July 6, 2026 —
Opus Genetics announced that it has reached alignment with the U.S. Food and Drug Administration on the design of its registrational Phase 3 clinical trial evaluating OPGx-LCA5 for LCA5-associated inherited retinal disease, an ultra-rare, early-onset inherited retinal dystrophy that can cause severe childhood blindness.
The alignment followed a successful Type B meeting under the FDA’s Rare Disease Evidence Principles, or RDEP, program. Meeting minutes confirmed key elements of the planned Phase 3 study, including trial size, design, endpoint selection, and the potential timing of a future Biologics License Application.
The Phase 3 trial is expected to enroll eight participants who are able to complete microperimetry testing, with both eyes treated. The study will include a six-month run-in period, allowing each participant to serve as their own natural history control before receiving treatment. Seven of the eight planned participants have already been enrolled and are completing the run-in period. Opus expects to initiate Phase 3 dosing in the fourth quarter of 2026.
The primary efficacy endpoint will be a mean improvement of at least 7 decibels in retinal sensitivity across the central 16 test loci, a clinically meaningful measure of visual function. The study is designed with greater than 90% statistical power to detect a treatment effect of at least seven decibels.
Phase 1/2 data support the selected endpoint. Among participants able to complete microperimetry testing, Opus reported an average improvement of approximately 10.5 decibels. Pediatric participants demonstrated large gains in cone-mediated vision, while adults showed durable improvements in cone sensitivity and visual function out to 18 months.
Importantly, the FDA indicated that Opus may submit a Biologics License Application based on compelling efficacy data at the six-month primary endpoint, with 12-month durability data submitted during the BLA review process. The company said this provides a clearer regulatory path toward potential approval.

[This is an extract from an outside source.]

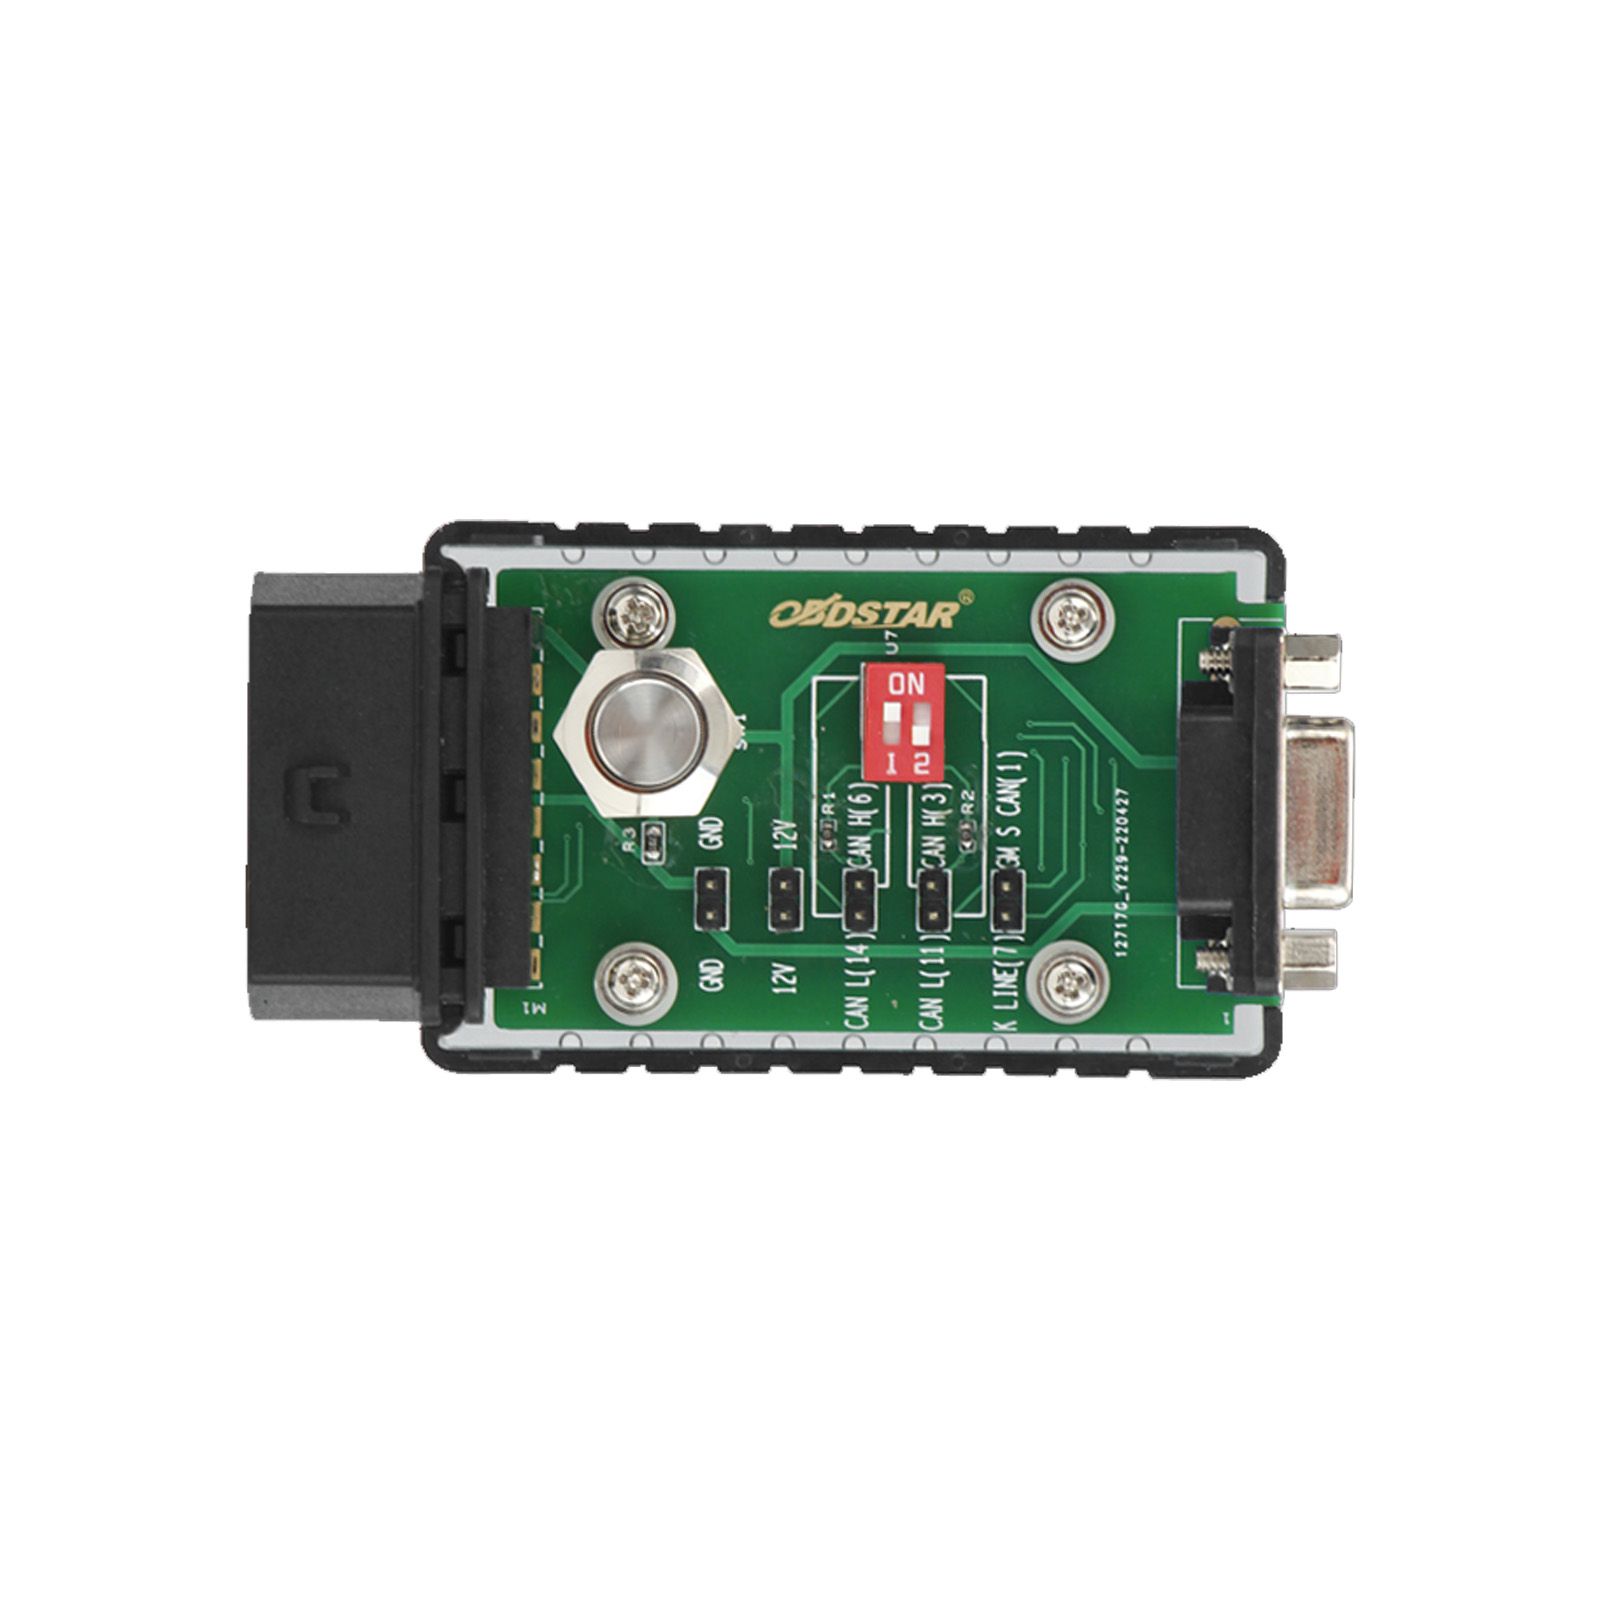 OBDSTAR P004 Adapter for ECU Programming Reading or Writing Data in Bench Mode Used with X300 DP Plus/ OdoMaster/ P50

OPGx-LCA5 is designed to treat Leber congenital amaurosis caused by biallelic mutations in the LCA5 gene, which encodes the lebercilin protein. LCA5-associated inherited retinal disease is among the most severe forms of childhood blindness and currently has no approved treatment.
The investigational therapy uses an AAV8 vector to deliver a functional copy of the LCA5 gene to the outer retina. The therapeutic rationale is supported by evidence that retinal structure and visual function may be dissociated in LCA5-associated disease, suggesting that functional improvement may still be possible even in patients with severe vision loss.

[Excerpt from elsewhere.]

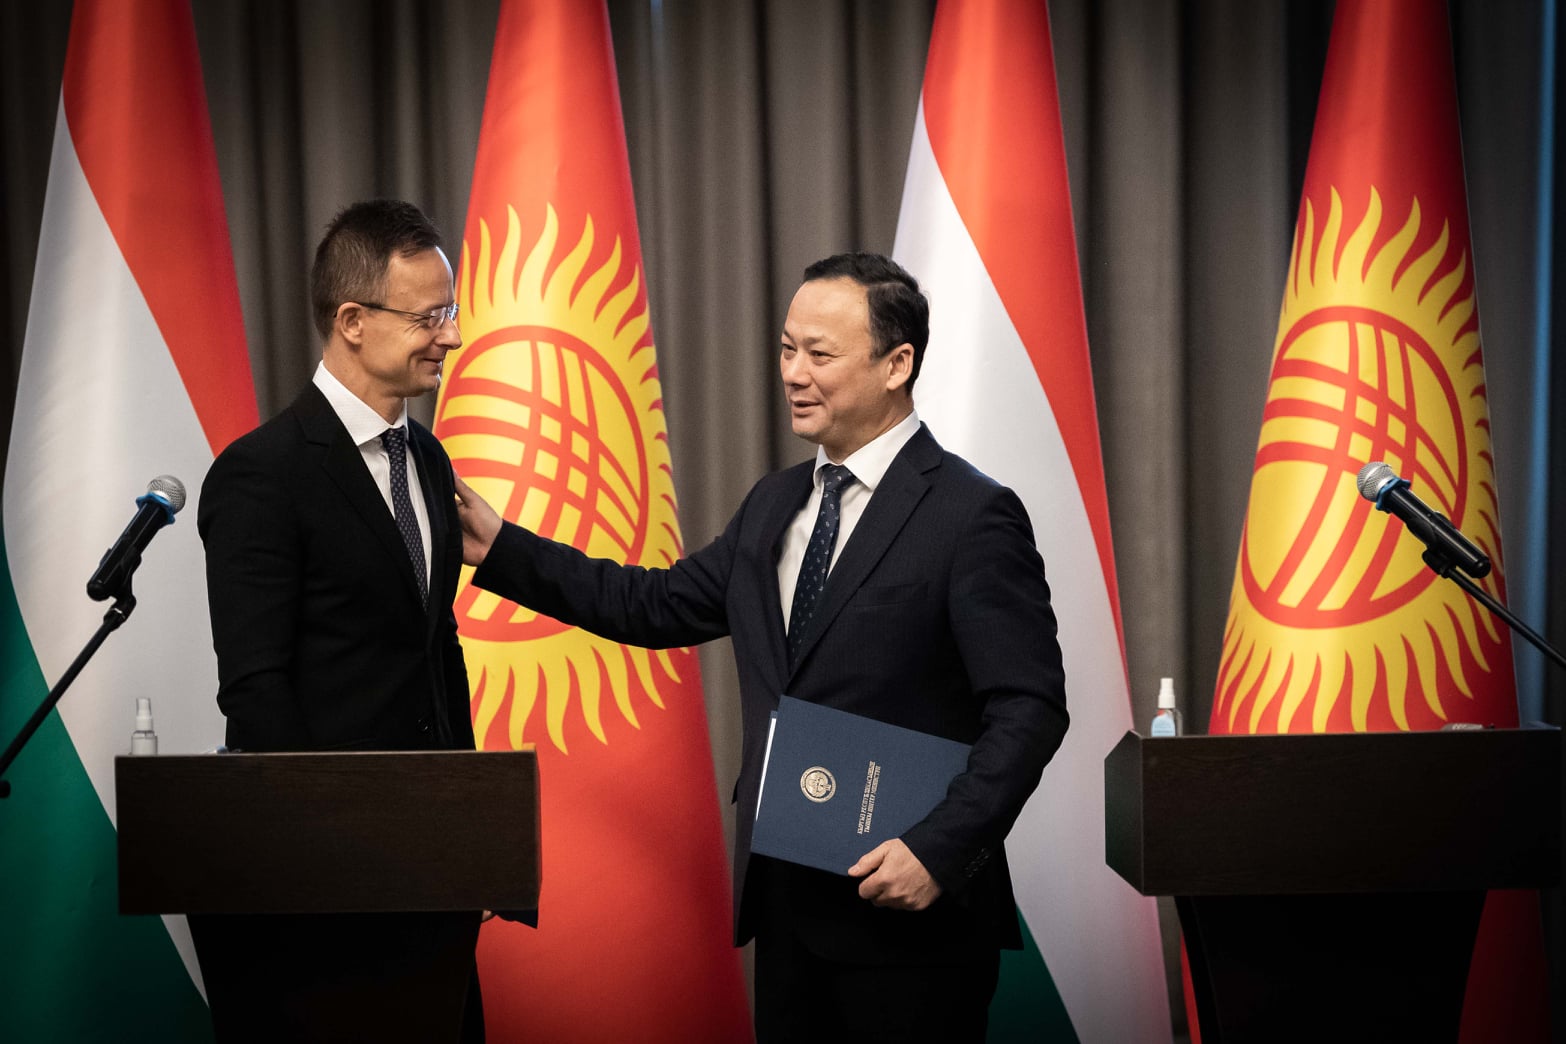 Hungary Launches 16 Million Dollar Development Fund with Kyrgyzstan

OPGx-LCA5 is currently being evaluated in a Phase 1/2 trial at the University of Pennsylvania and has remained well tolerated, with no ocular serious adverse events or dose-limiting toxicities reported. The program has received Rare Pediatric Disease, Orphan Drug, and Regenerative Medicine Advanced Therapy designations from the FDA and has been accepted into the RDEP program.
If successful, OPGx-LCA5 could become a potential treatment for one of the most severe inherited retinal diseases and may also qualify for a Priority Review Voucher, which Opus described as a potentially significant strategic asset.